- PAL box art
- Developer: Cyanide
- Publishers: FRA: Focus Home Interactive; UK: Digital Jesters; WW: Cyanide (digital);
- Platform: Windows
- Release: FRA: 25 June 2004; UK: 6 August 2004; WW: 12 November 2004;
- Genres: Sports, management, real-time strategy
- Modes: Single-player, multiplayer

= Chaos League =

2004 video game

Chaos League is a 2004 fantasy-based sports management game developed by Cyanide Studios and published by Digital Jesters. The game is a spin on American football, the violence of the Medieval football with no rules and rugby-style of sports yet set in a fantasy world with teams being made up of fantasy races such as dwarves, elves, orcs and undead, along with the use of magic and other fictional elements during a "match". The tone of the game is satirical with comedic color commentary and adverts for fictional in-game universe products. An official expansion was later released in 2005 bundled with the original, titled Chaos League: Sudden Death that added new features and gameplay tweaks.

While not a direct video game adaption, Chaos League bears resemblance to Games Workshop's Blood Bowl tabletop board game, which is also about fantasy sports. Cyanide Studios would later develop the video game version of Blood Bowl in 2009, which itself utilizes certain features from Chaos League.

==Gameplay==
Chaos League falls into a multiple genre category, both real time strategy and sports games as the game involves war based tactics like unit positions and fighting strategies however the main goal of the game to score points by getting a pig skin ball to the opposite end zone, very much like the same rules found in American football and Medieval football. Players are given a choice of 10 different fantasy based races (13 in Sudden Death) to play as their team, each with their own style of play, skill and tactics. The player then has to handle the team's finances in order to hire different players like Linemen, Quarterbacks etc. after of which can name them individually to their liking. When gameplay starts, players are given 1 minute to set up their formation, after game starts in real time. The player can click on individual teammates and give them an order like attack opponent and pick up and/or throw. Each game lasts 10 minutes, after players can be upgraded to gain extra speed or strength or to add new skills or magic abilities, all from gaining experience during the last game they played like scoring or crippling an opposing teammate.

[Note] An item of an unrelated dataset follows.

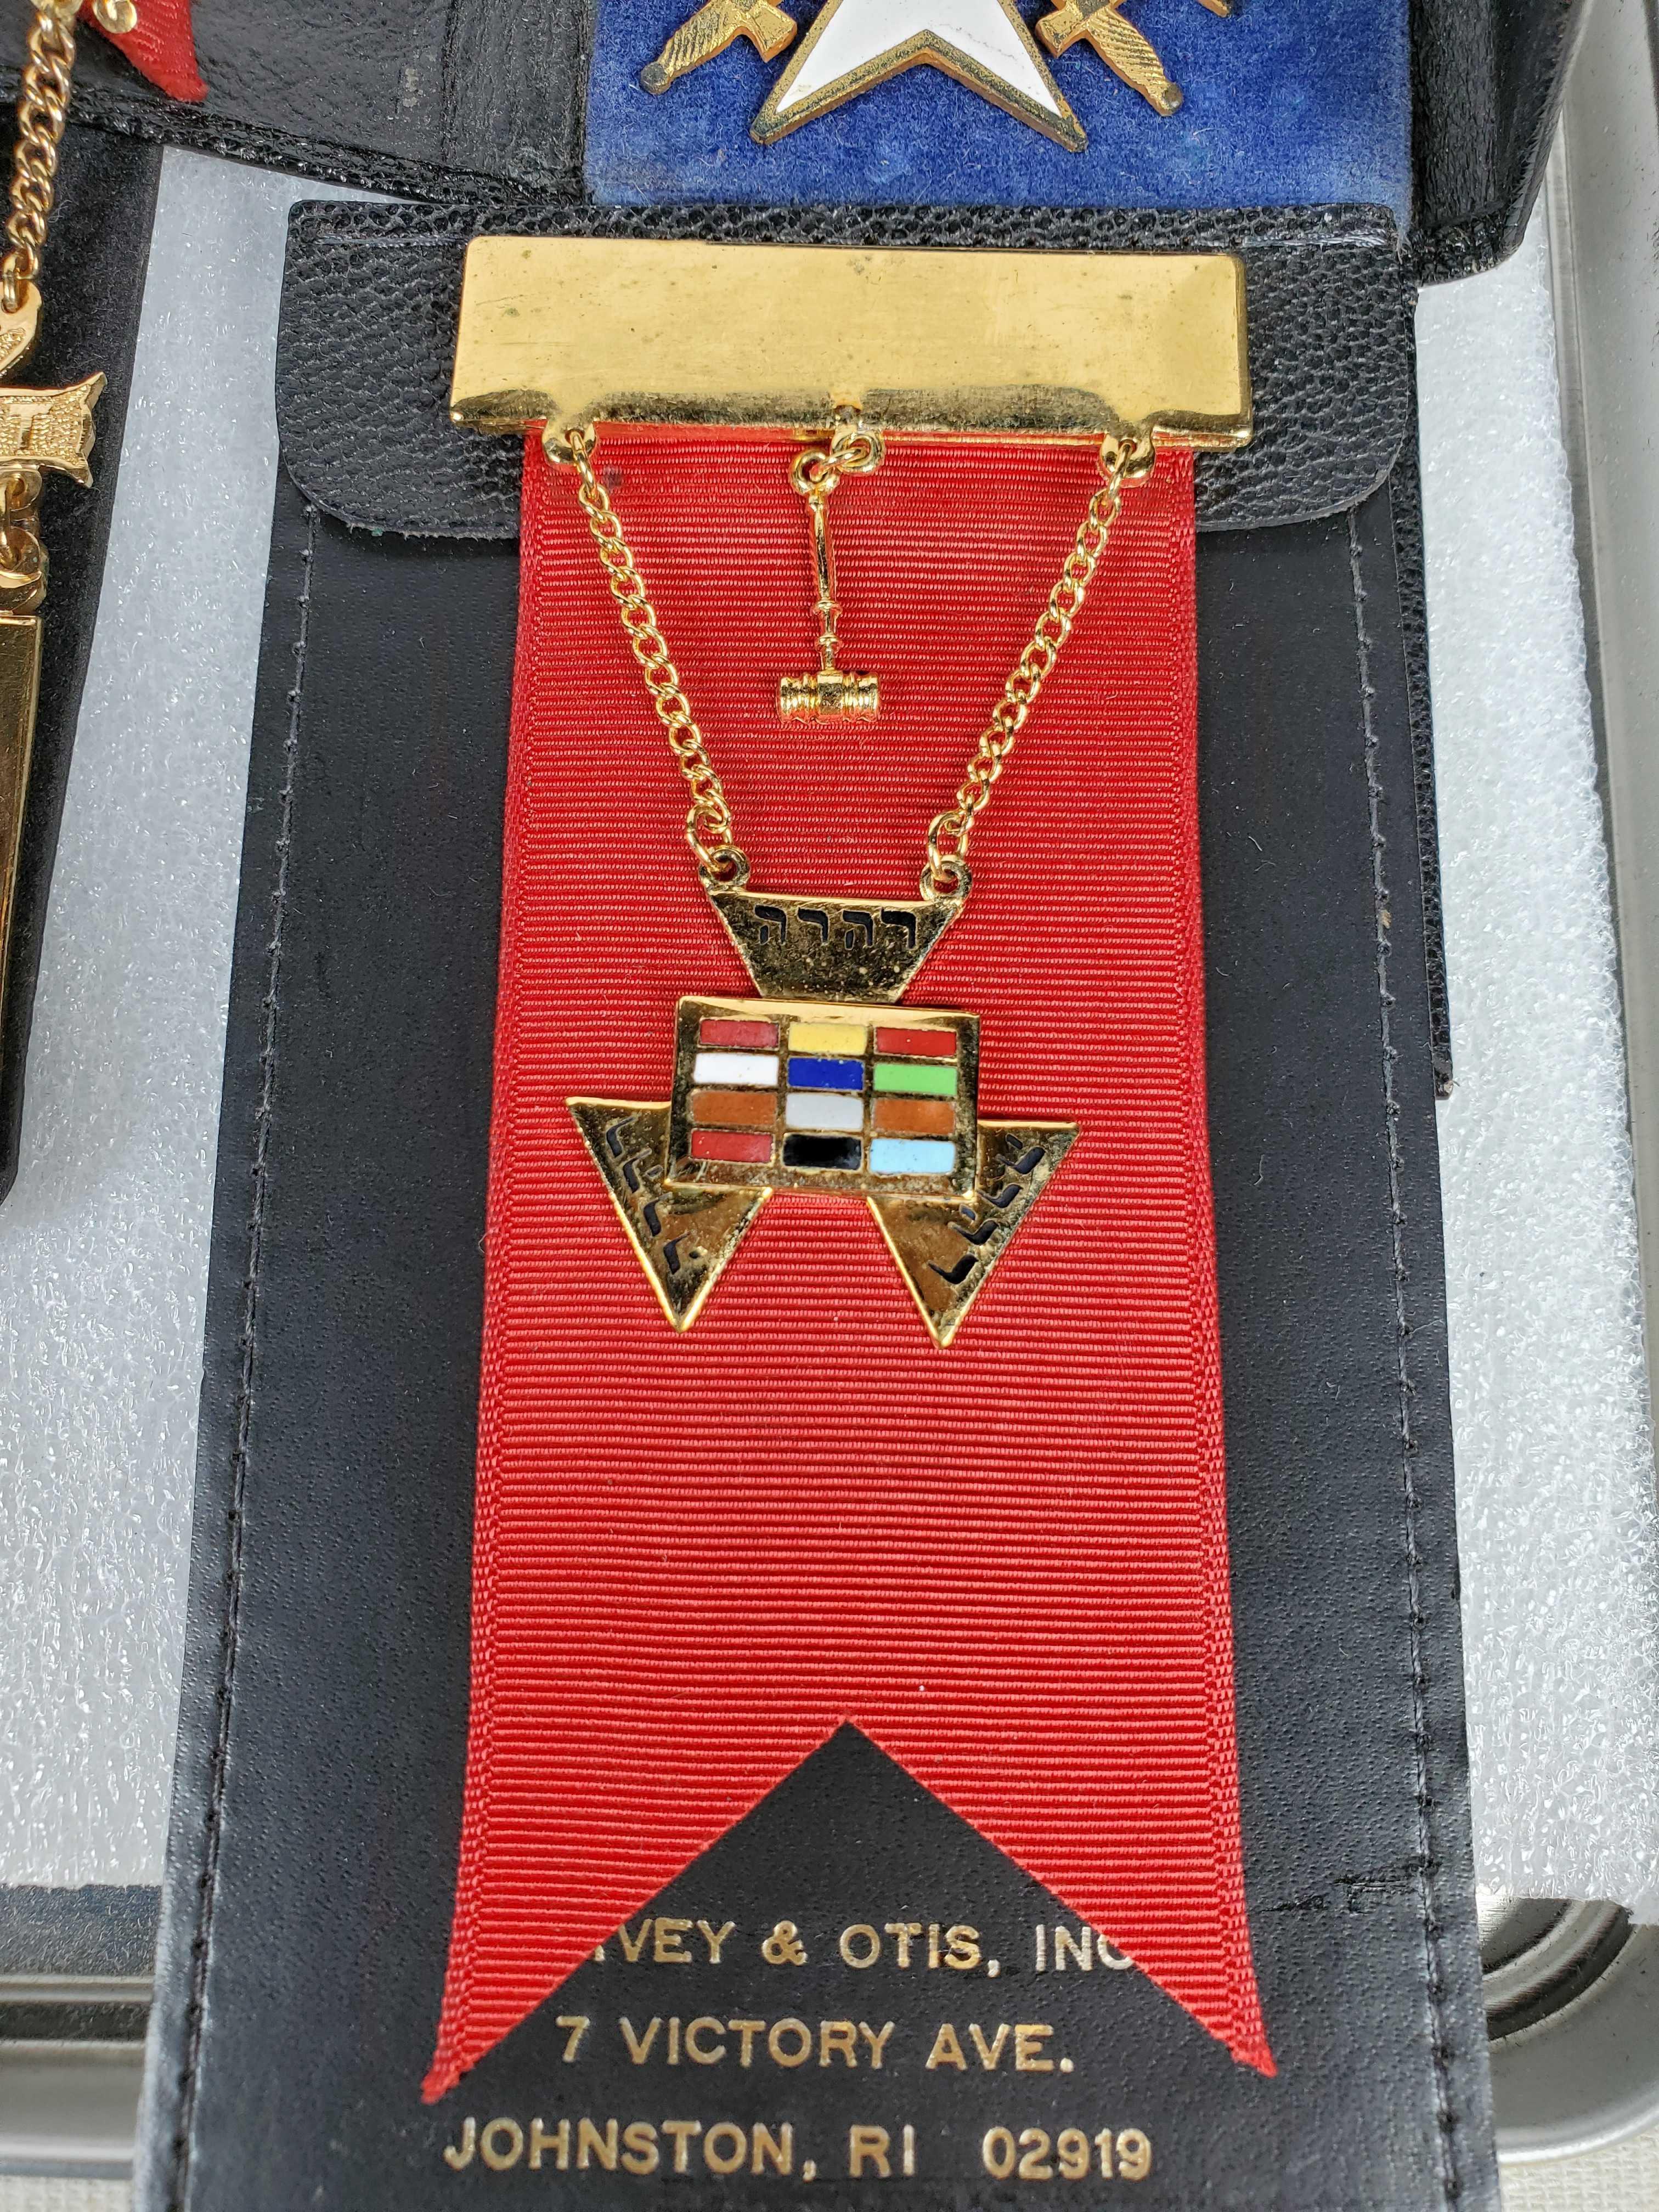 Collection of Vintage Masonic & Other Fraternal Medals

Other aspects that differ from normal sports games include causing player knock outs, injuries or even deaths. Chaos League also includes rather crude options like stamping on downed players, intervening hooligans, drugging players before games and bribing or assaulting the referee when the rules are broken. The main basis of the game's comical style is from the commentary, done by a pair of dysfunctional Chaos League enthusiasts that would insult both each other, the fans and the players in the current game. The Sudden Death add on expanded the features to include team clans to help during gameplay, fighting the ref, and aging players over time, requiring new players every few seasons.

==Blood Bowl==
According to Eurogamer, Cyanide originally pitched the game idea to Games Workshop in hopes of developing a licensed Blood Bowl video game. When they were rejected, they developed Chaos League independently. Besides the obvious connections to the style of the game itself, both being violent fantasy sports, minor similarities were also noticeable to Blood Bowl fans. Most notable were the recurring skills in both like "Mighty Blow", "Bulldoze" and "Projectile". Even during a loading menu in after games, a well known red sun with an Orc face, usually found on Games Workshop inks can be seen in the background.

Games Workshop has announced that Cyanide Studios now have a license to create computer games based on Blood Bowl and that "Any differences between Games Workshop and Cyanide have been amicably settled for an undisclosed sum, and as part of the settlement the Chaos League title has been assigned to Games Workshop". The game Blood Bowl was released in Q3 2009 for the PC, PlayStation Portable, Nintendo DS and Xbox 360.